# Security Cam Signal/Directv Help



## tony97gt (Sep 27, 2011)

Guys, I'm new to the forum and I'm in need of some help here. I recently installed a cctv security camera system in my home. I have Directv wired in the home, and I'm trying to split the signal on the directv cable to merge with the cctv signal so I don't have to run more cable. I ordered 4 diplexers online with the hopes of being able to get this to work, but I'm not having any luck.

I tried to run the video out signal from the back of the DVR up into the attic where the splitter for the Directv is. At that point I connected the diplexer in/out side to the coax that was running into the room I wanted the signal to enter. On the other end of the diplexer, I connected the cctv signal to the TV input on the diplexer and the satellite wire coming out of the splitter into the SAT input on the diplexer. 

I went into the bedroom and connected the wire coming into the room into the in/out plug of another diplexer (before the satellite receiver). I connected the SAT out on the diplexer to the satellite receiver and the TV out to the Video input on the back of the tv using a BNC to RCA adapter. 

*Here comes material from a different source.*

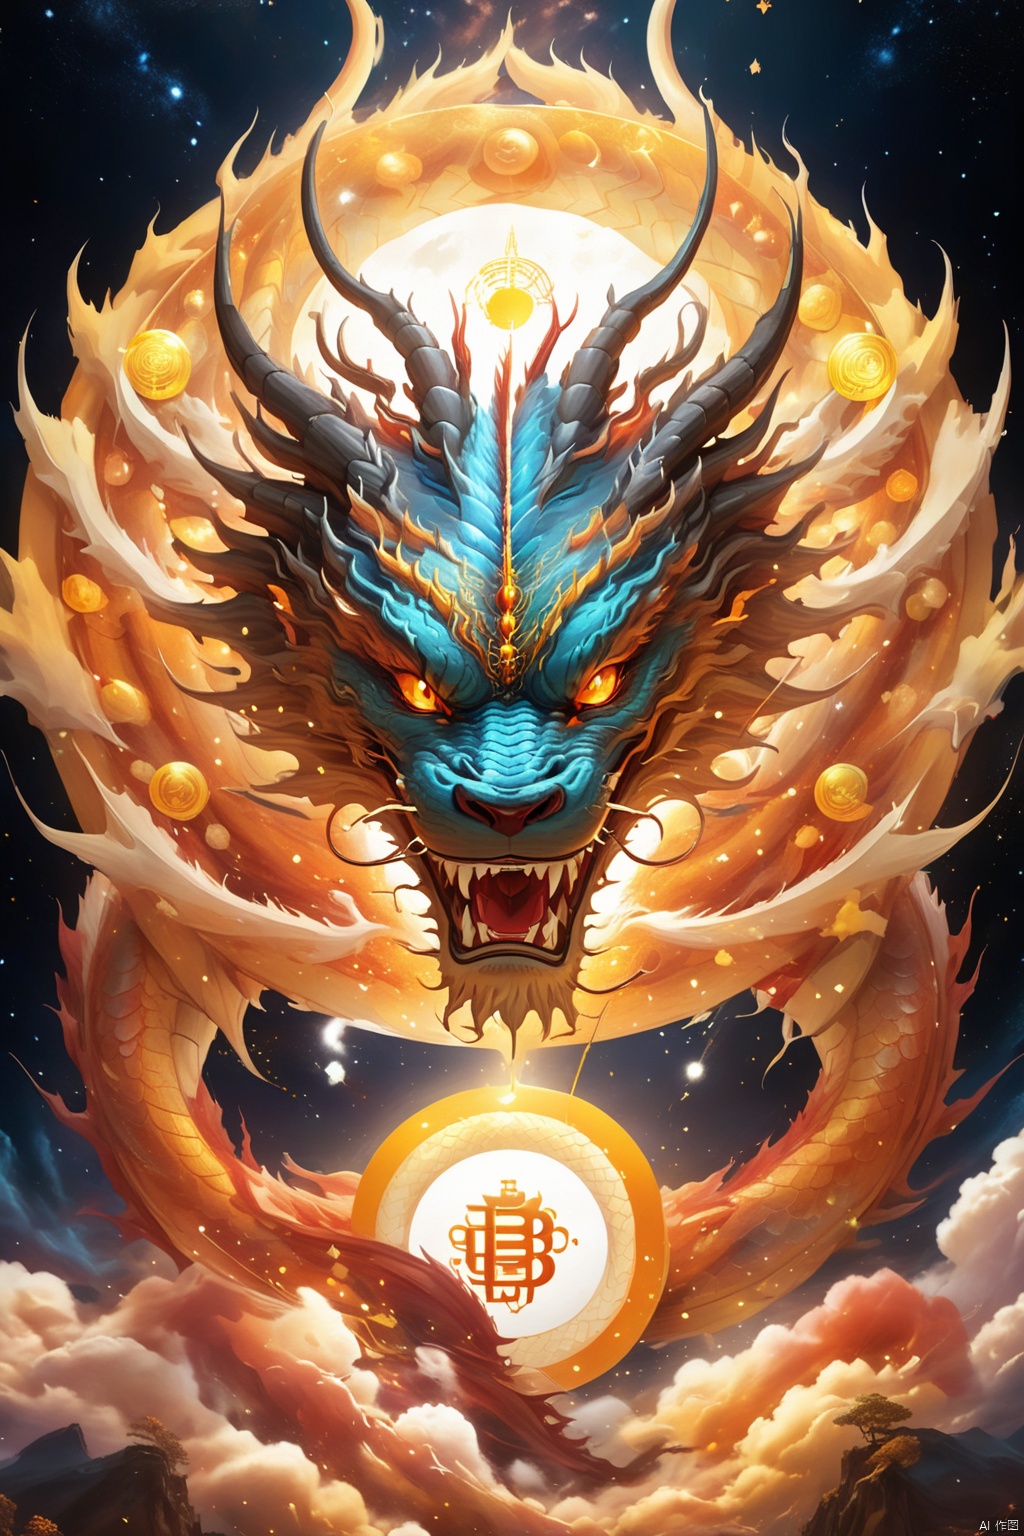  (Crypto Dragon King - Dragon with Five Claws: 1.48), (Dragon horn, dragon body, dragon tail), (mysterious halo: 1.36), (Star vortex, star river, star ring), travel in the universe, use digital crypto magic, guard the digital field, (cross-chain information: 1.24), (digital currency: 1.5), encryption algorithm, space-time light particles, (star vortex, star river, star ring), ultra HD, super detail, epic shock, visual art, surreal, mythological legend style, God beast, BJ_Sacred_beast

Using that setup I can get a satellite signal, but no video from the cctv. So to verify I had a video signal coming out of the DVR I wired it direct to a portable tv using the BNC to RCA adapter and I get a video signal there from the DVR. So based on that it appears that somewhere along the line, something isn't working right. Any suggestions would be greatly appreciated. Thank you.


----------



## Yoda-DBSguy (Nov 4, 2006)

The output from the cctv/security system is composite. you need to convert that over using a modulator. (you can pick one up rather cheaply at almost any electronics retail store (best buy, radioshack, etc).

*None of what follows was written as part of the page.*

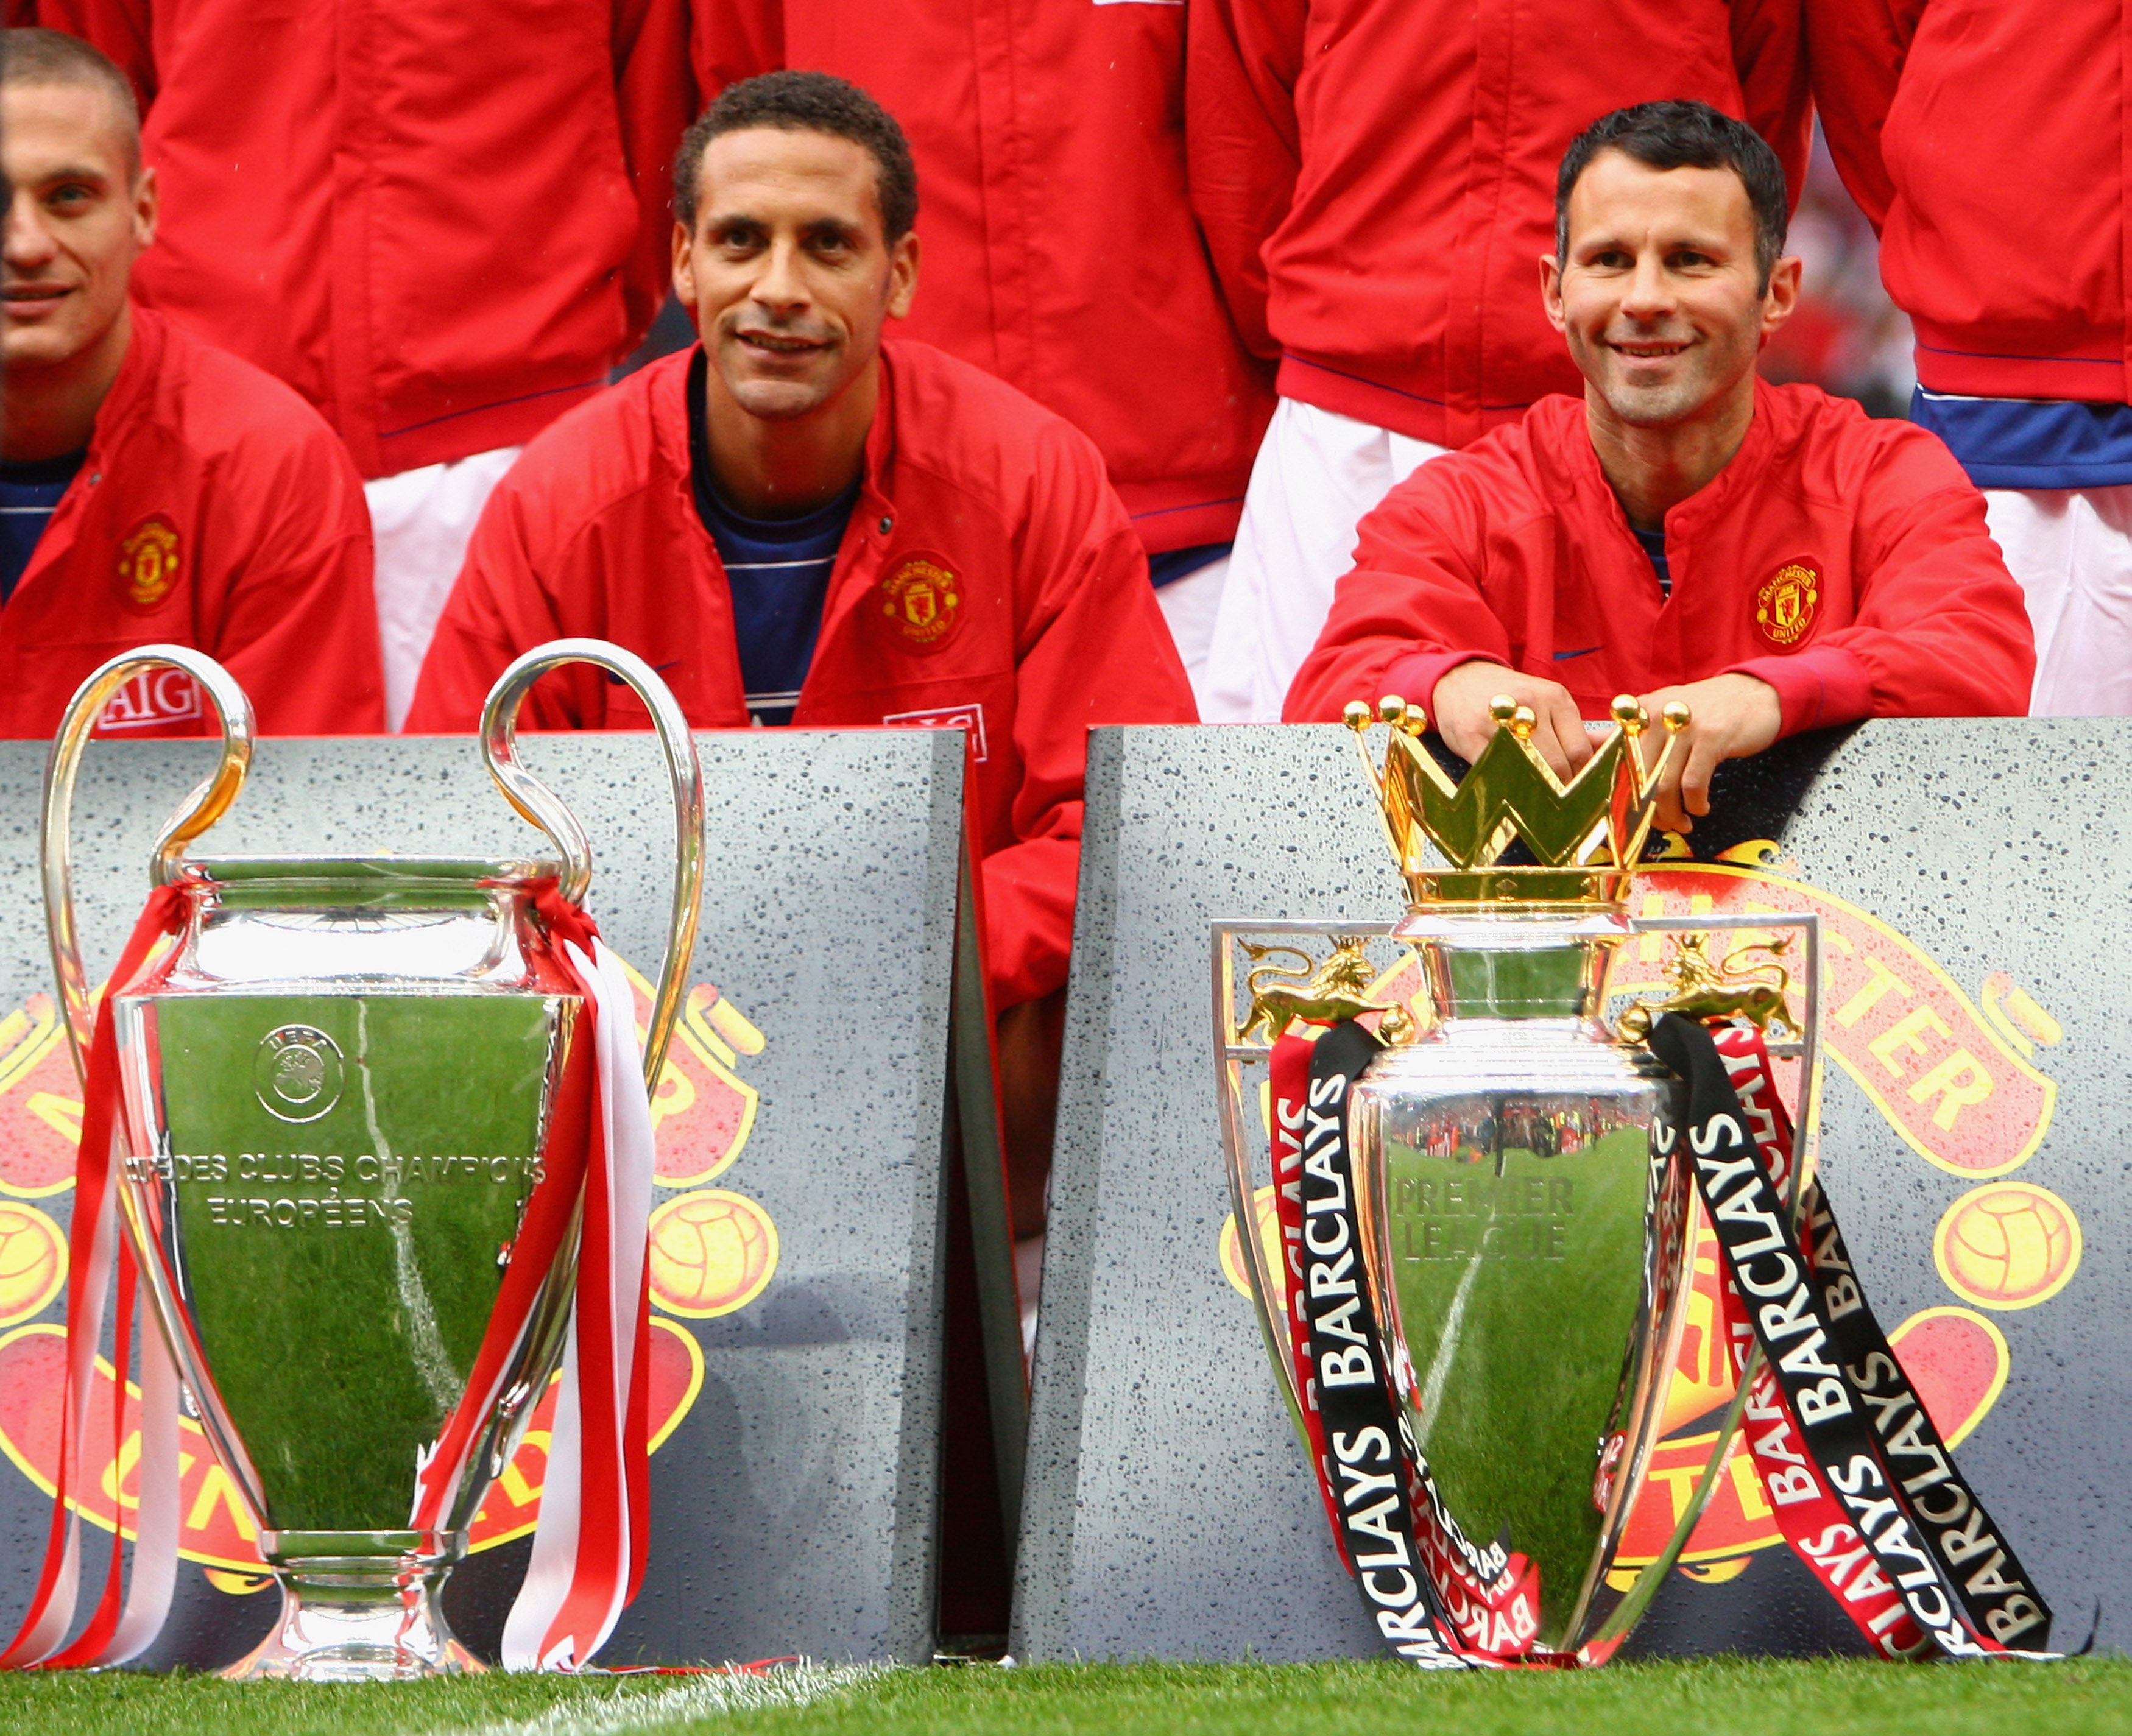 MANCHESTER, UNITED KINGDOM - AUGUST 06:  Rio Ferdinand of Manchester United and team mate Ryan Giggs (R) pose with the Premier League and Champions League trophies prior to the Pre Season Friendly match between Manchester United and Juventus at Old Traffo

You connect out of the security cam dvr into the modulator using composite cables. the modulator converts and assigns the signal into a usable tv channel (such as channel 3 or 4). The coaxial output of the modulator is what you'll want to run into one of the inputs of the diplexer (basically the same layout and manner you described in your origional post).

at the viewing location, place your tv on channel 3 (or whatever you assigned it to on the modulator) in order to see the dvr/cams.

Please keep in mind that diplexers can overlap signals and cause problems in certain satellite setups if you have an HD system as the frequecies will overlap causing problems with 99 and 103.


----------